● **Description of the task**:
From start to end, write out the following data exactly, apart from its images.

● **Recorded information**:
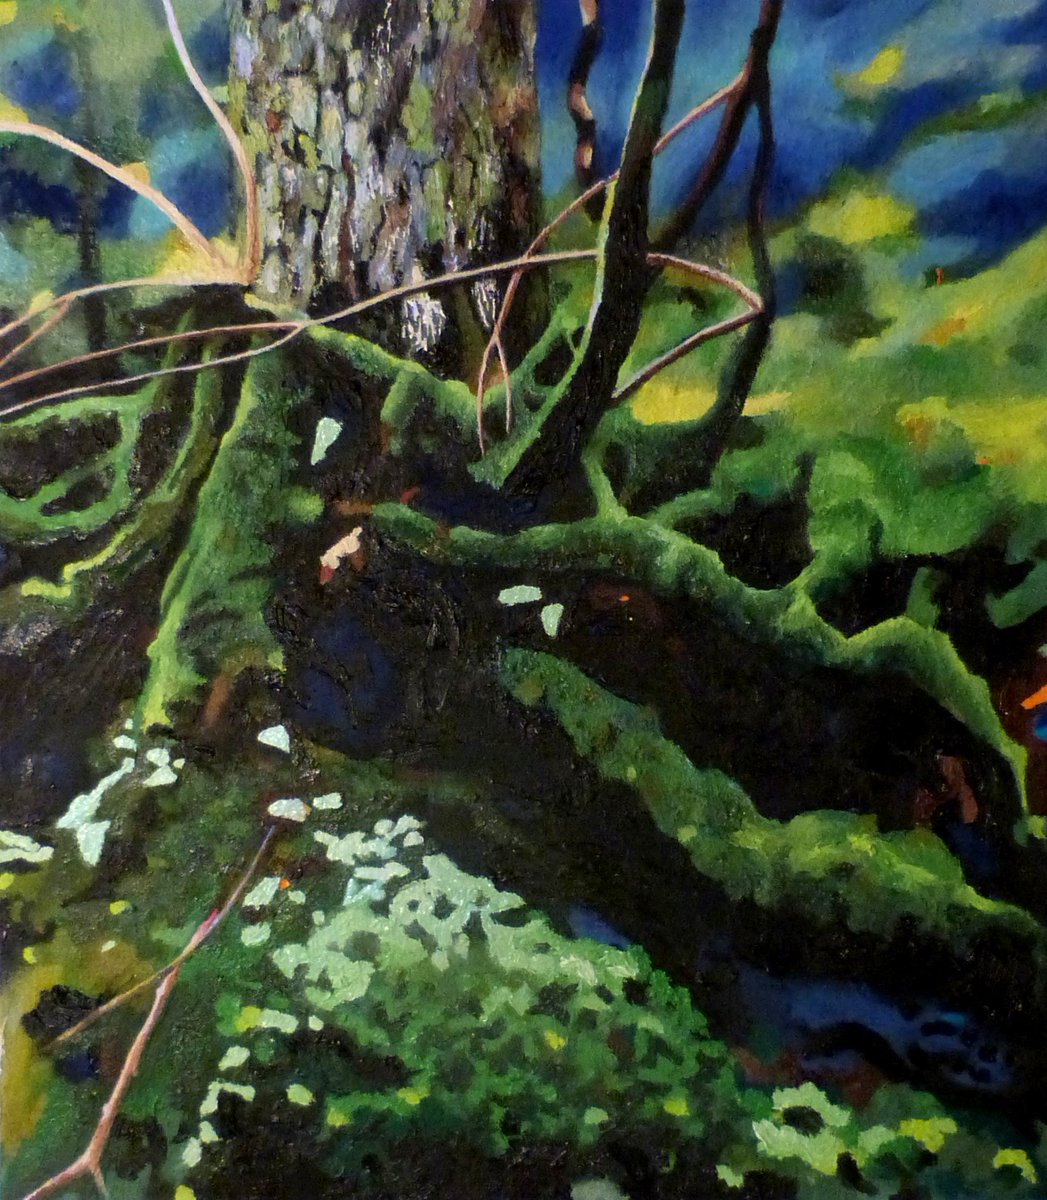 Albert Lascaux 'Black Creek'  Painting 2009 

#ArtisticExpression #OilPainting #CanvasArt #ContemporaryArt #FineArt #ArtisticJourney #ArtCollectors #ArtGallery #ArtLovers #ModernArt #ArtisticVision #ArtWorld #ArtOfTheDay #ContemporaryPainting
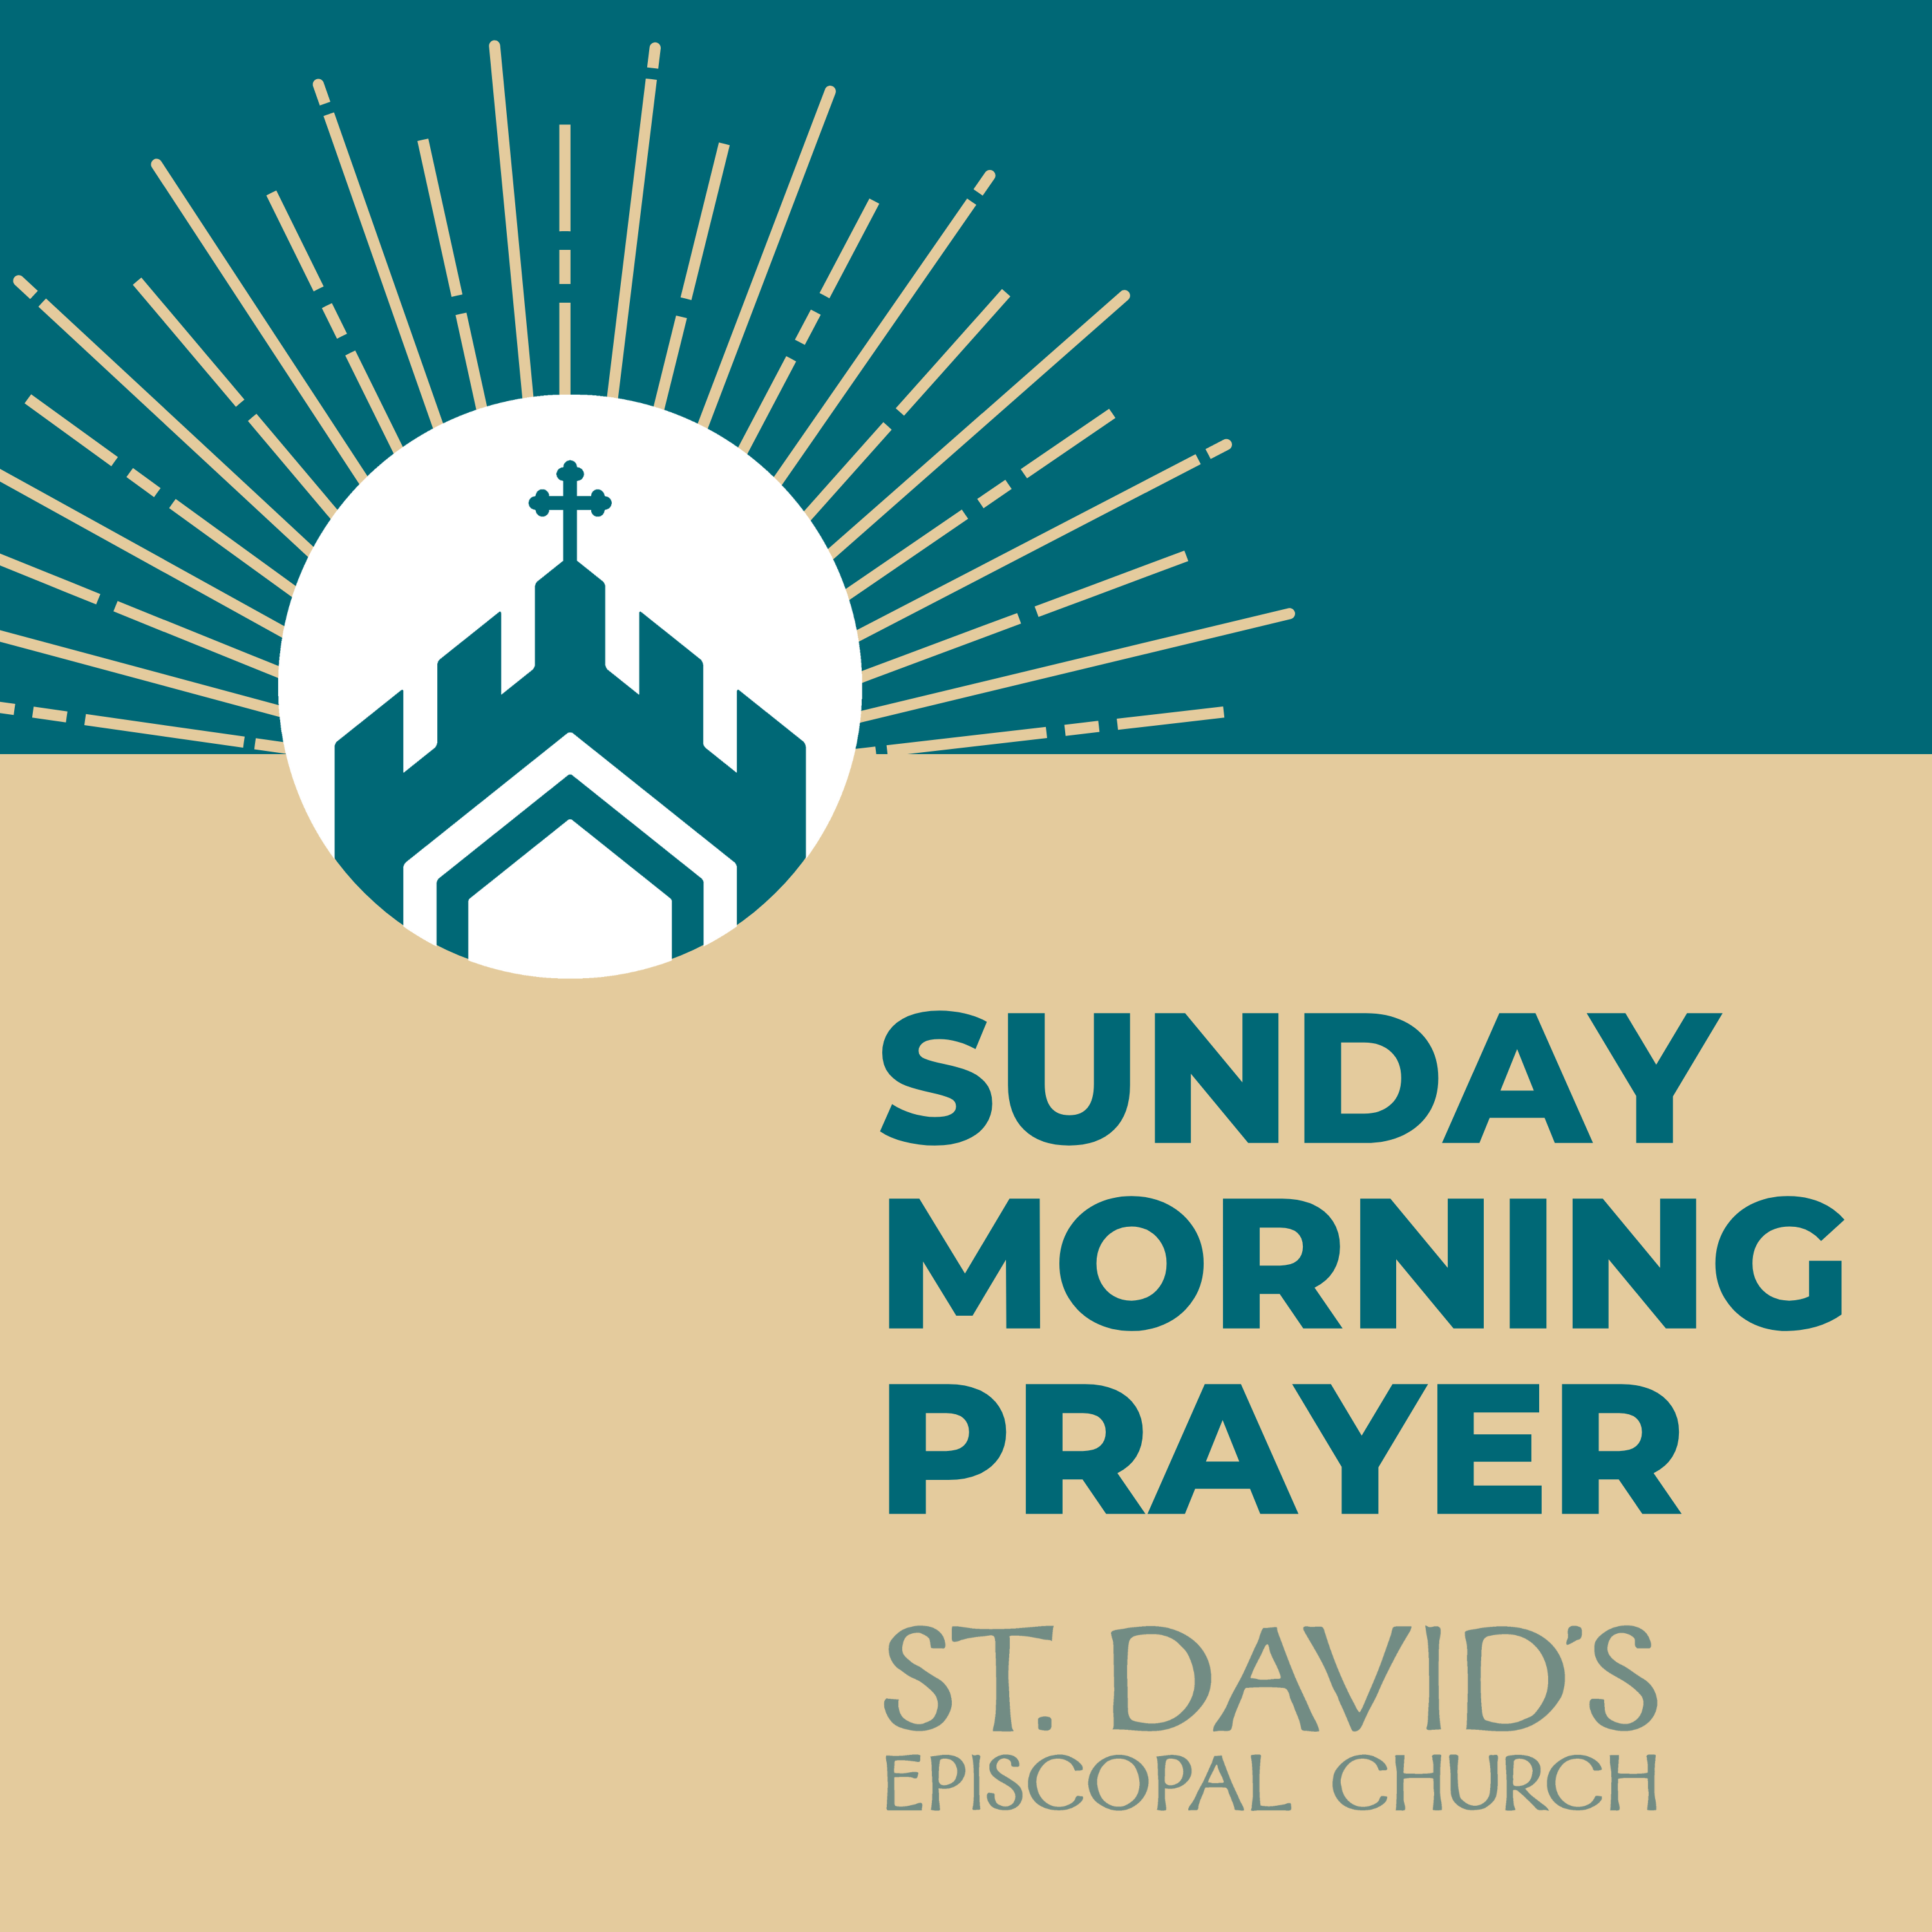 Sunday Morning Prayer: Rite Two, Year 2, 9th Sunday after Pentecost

● **Worked solution**:
 Albert Lascaux 'Black Creek'  Painting 2009 

#ArtisticExpression #OilPainting #CanvasArt #ContemporaryArt #FineArt #ArtisticJourney #ArtCollectors #ArtGallery #ArtLovers #ModernArt #ArtisticVision #ArtWorld #ArtOfTheDay #ContemporaryPainting
 Sunday Morning Prayer: Rite Two, Year 2, 9th Sunday after Pentecost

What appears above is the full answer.